Overall, the CBSA’s lack of transparency on this important issue is discouraging. While their policies on searches appear to be quite similar, the CBSA has not been as forthcoming with information as even the secretive U.S. Department of Homeland Security, which has made its policy publicly available.

The documents:

As promised, we’ve made all the documents we received available online. Download them and have a look through them yourself. If you see anything of special note, have your own story of having your electronics searched at the Canadian border, or have something to add, please let us know in the comments or by email: [greg]@[bccla].[org]

Databases: We’ll show you ours if you show us yours

The Afghan detainee file has been taking up a lot of our time lately, but the BCCLA national security team hasn’t dropped the ball on other issues.

One area we’ve been watching is transnational data sharing, especially between Canada and the United States. Canada and the U.S. have been sharing police records since the Reagan era, and the relationship has only become cozier since 2001. An article in the USA Today illustrates just how close that relationship has become:

Thousands of times each day, Canadian authorities tap into sensitive U.S. government databases to check the criminal histories of U.S. citizens who are crossing the border or have been entangled in the Canadian criminal justice system, FBI records show.

During the Winter Olympics, Canadian authorities ran nearly 10,000 criminal history checks per day, more inquiries than some U.S. states perform each day, FBI records show.

Even more Canadian citizens receive similar scrutiny by U.S. officials with access to Canadian records, according to RCMP records. Since January, Canada has conducted 400,000 queries and the U.S., 1.4 million.

Systems used that widely have a gross potential for abuse. We wouldn’t just trust another nation to troll through our most sensitive records, would we? There must be some oversight built into the system, right? Wrong:

The U.S. has no independent authority to audit Canada’s use, Weise says, and Canada has no authority to police U.S. queries of its system. Weise and RCMP Sgt. Greg Cox say the two countries conduct regular internal audits of their own use.

Well, if it’s widely used and there’s absolutely no accountability, we shouldn’t be worried if we’ve nothing to hide, right? Wrong again:

Canada’s access to such detailed — and possibly outdated — personal histories of U.S. citizens, including decades-old misdemeanors, can result in wrongful detention, interrogation and foreign travel bans.

About half of the arrest records in the system have not been updated to reflect convictions, dismissals or acquittals, Weise said, adding that local law enforcement agencies are responsible for giving the FBI updated information.

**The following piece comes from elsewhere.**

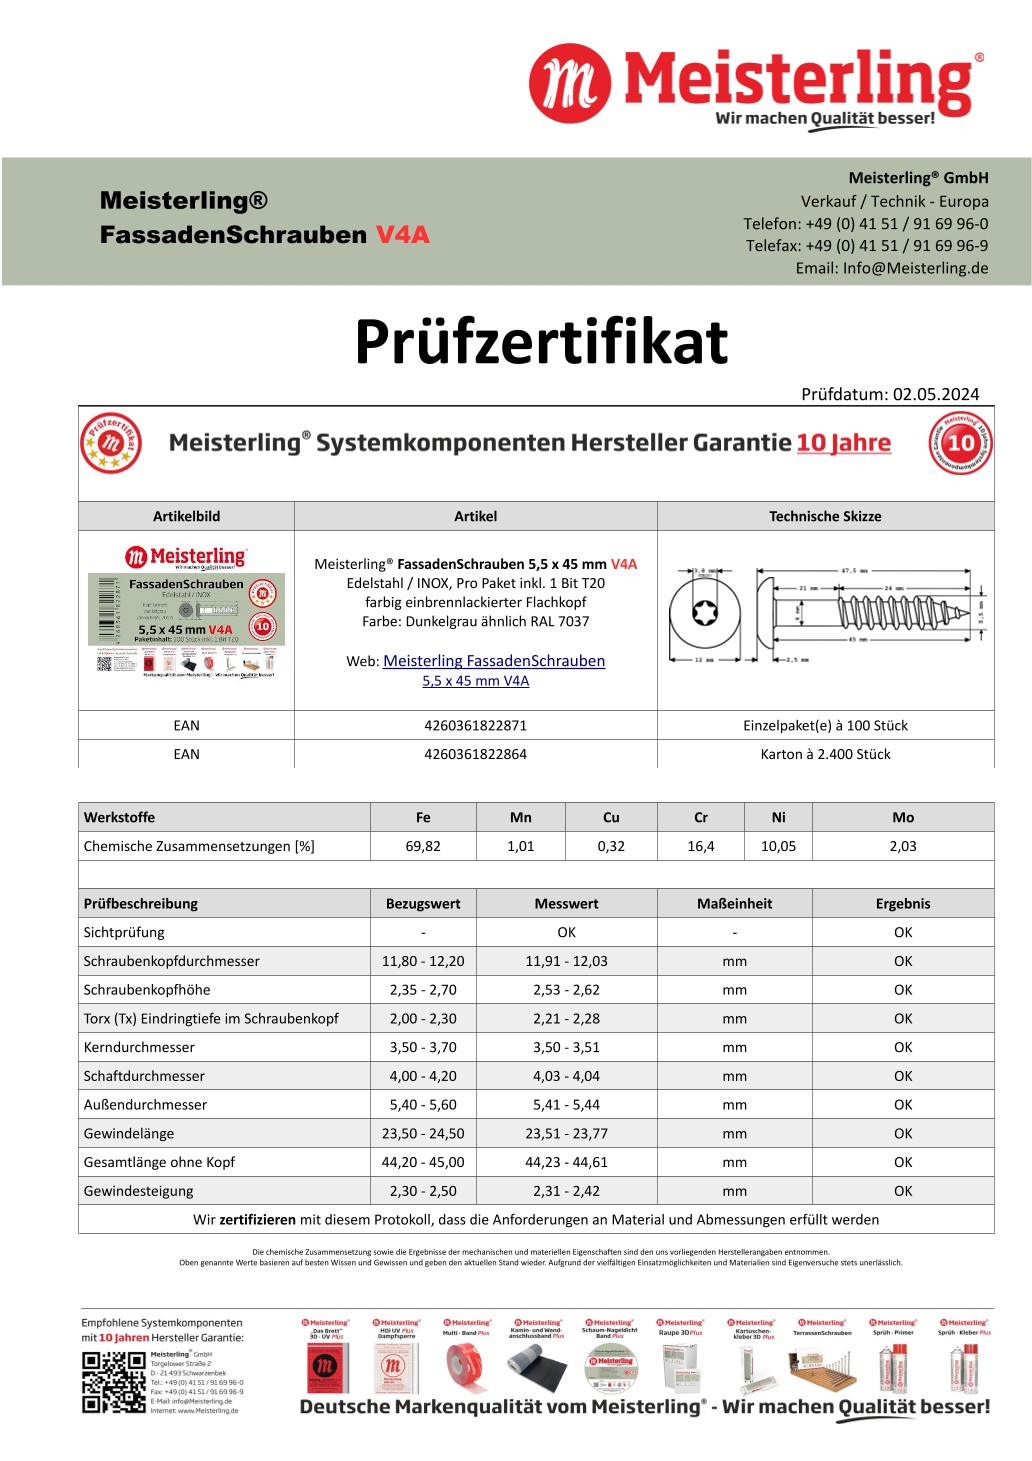 Prüfzertifikat Meisterling® FassadenSchrauben 5,5 x 45 mm V4a dunkelgrau

So to sum up: Border agents in Canada and the United States have unlimited access to the other country’s criminal databases. There are no checks and balances to ensure that U.S. use of the Canadian system is appropriate, and vice versa. Even if our border guards are using their database access appropriately, the information in the database is wildly inaccurate and out of date, often resulting in wrongful detention, embarrassing interrogations and searches, or even travel bans.

Despite these enormous problems, we’re still rushing to share even more information between our nations. This week, BCCLA Policy Director Micheal Vonn is off to Ottawa to appear at a parliamentary committee meeting discussing the Passenger Protect Program and plans to bring the U.S. No-Fly List to Canada. We’ll have more on that when she reports back.